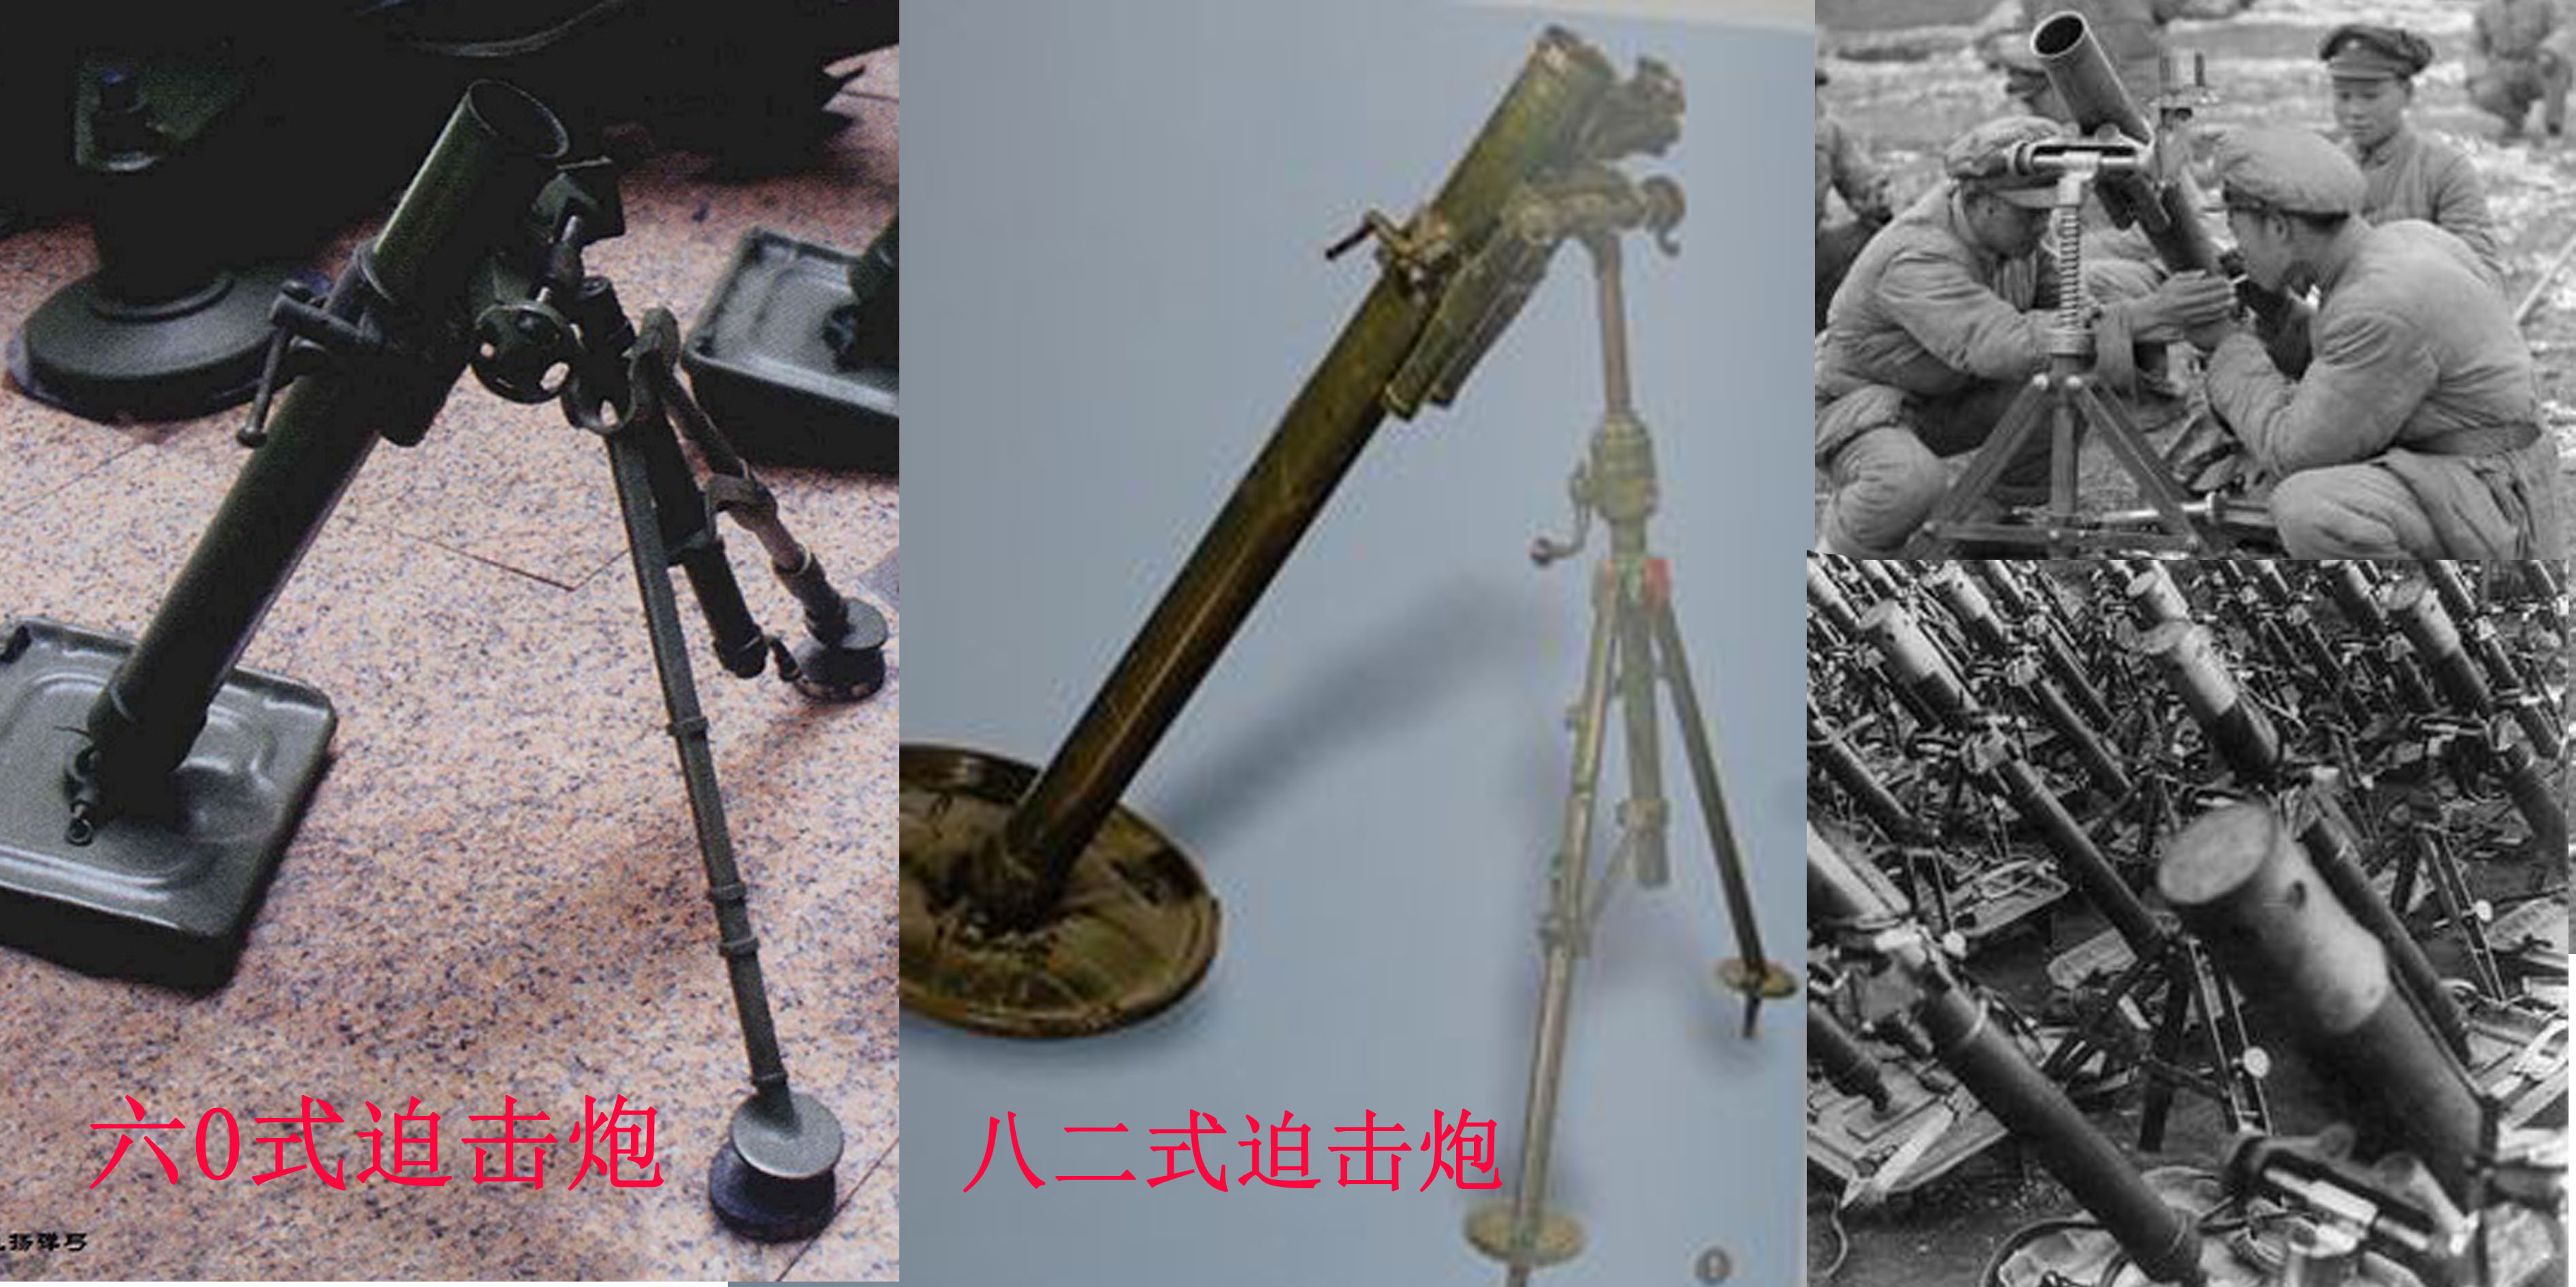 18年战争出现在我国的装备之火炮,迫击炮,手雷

--

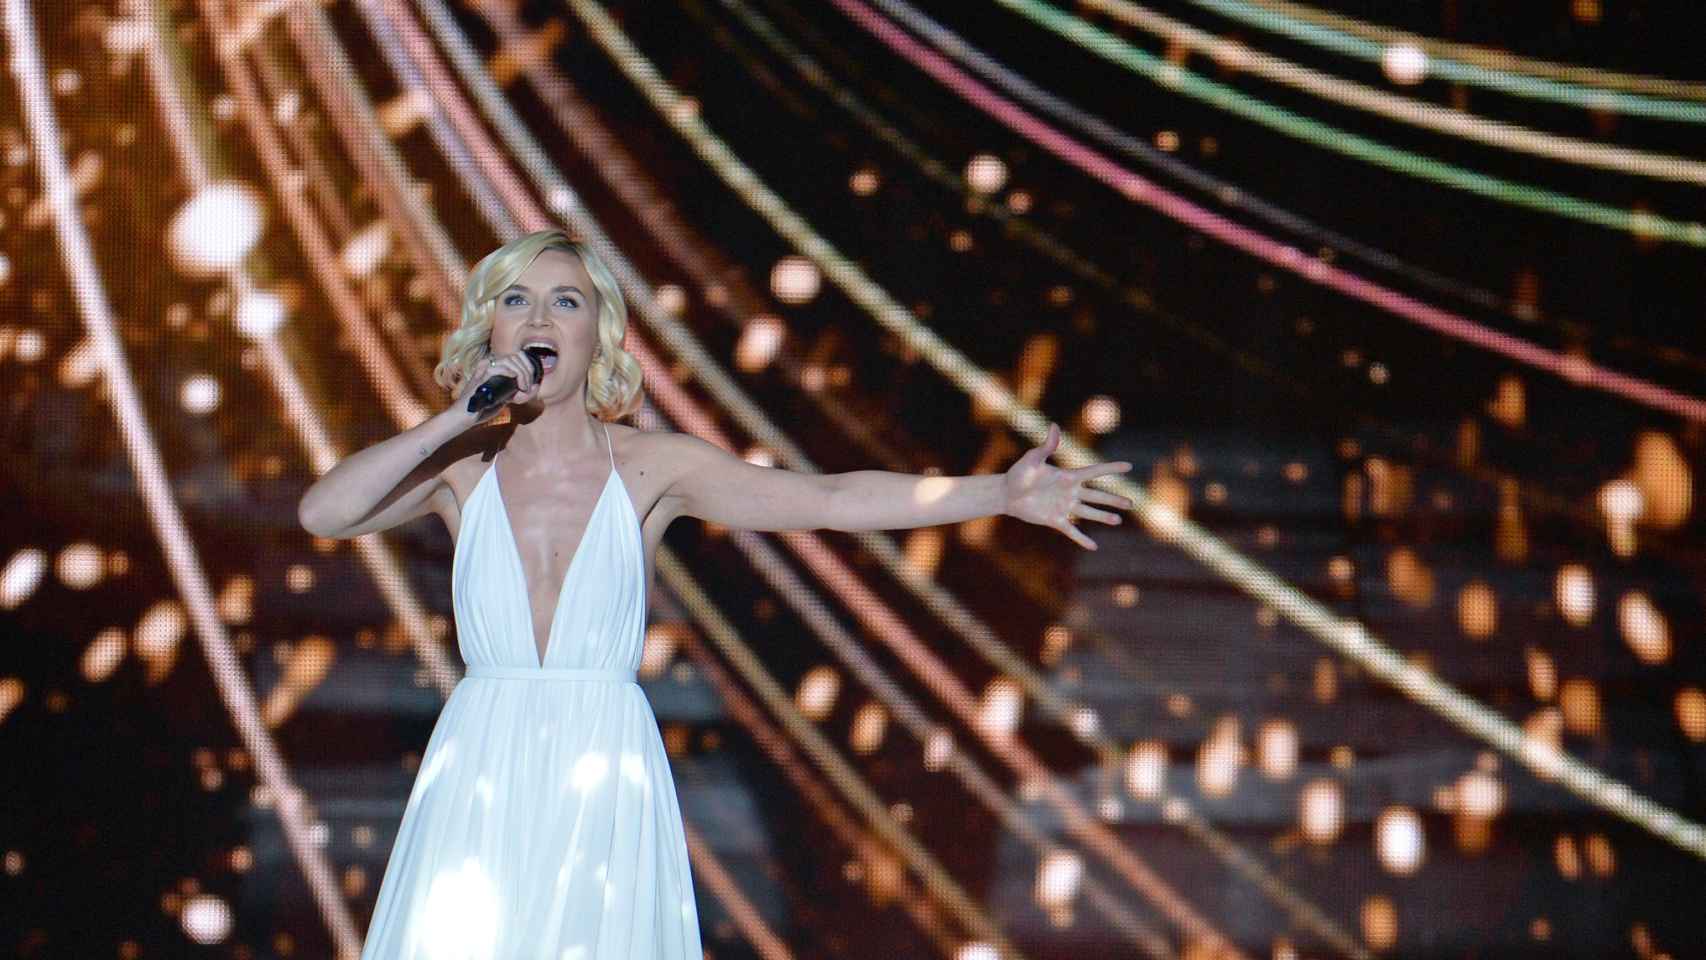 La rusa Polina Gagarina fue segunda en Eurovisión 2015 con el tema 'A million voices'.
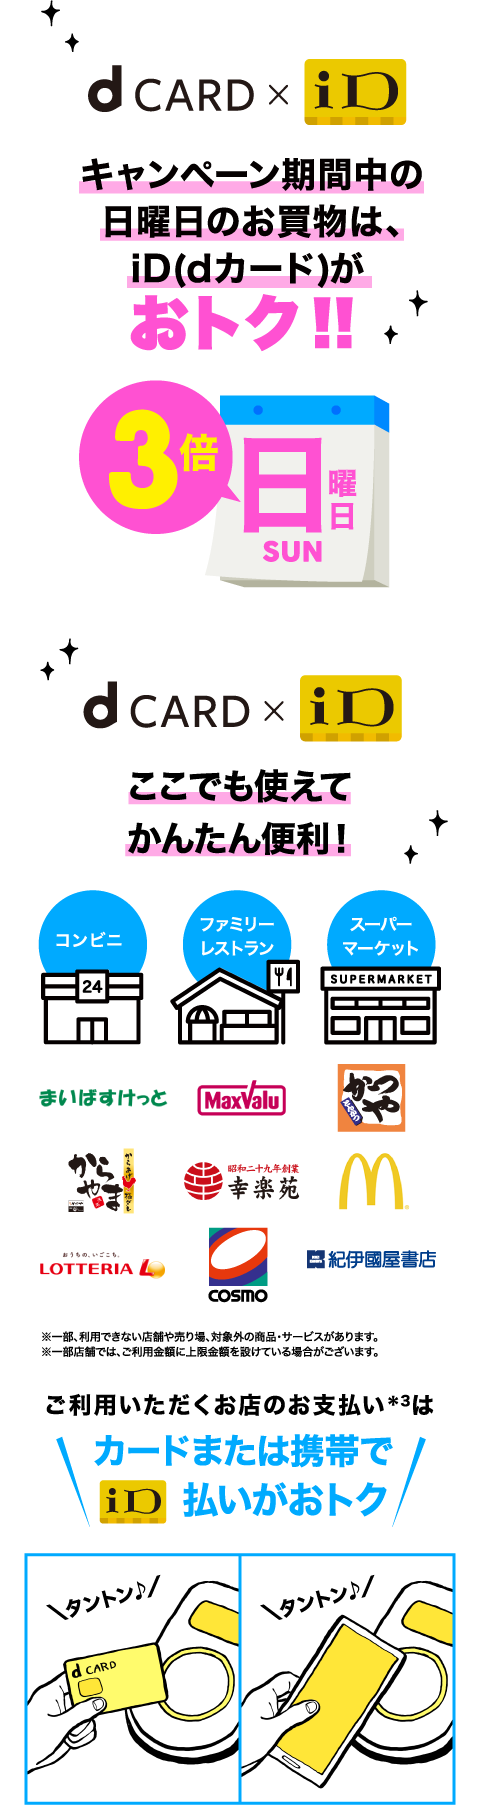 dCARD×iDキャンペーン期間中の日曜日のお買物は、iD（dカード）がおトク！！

EXERCISE BRIEF: Return exactly the lines of the material above, starting at the line containing "La rusa Polina" and finishing at the line containing "dCARD×iDキャンペーン", without any pictures.

SOLUTION TO THE PROBLEM:
 La rusa Polina Gagarina fue segunda en Eurovisión 2015 con el tema 'A million voices'.
 dCARD×iDキャンペーン期間中の日曜日のお買物は、iD（dカード）がおトク！！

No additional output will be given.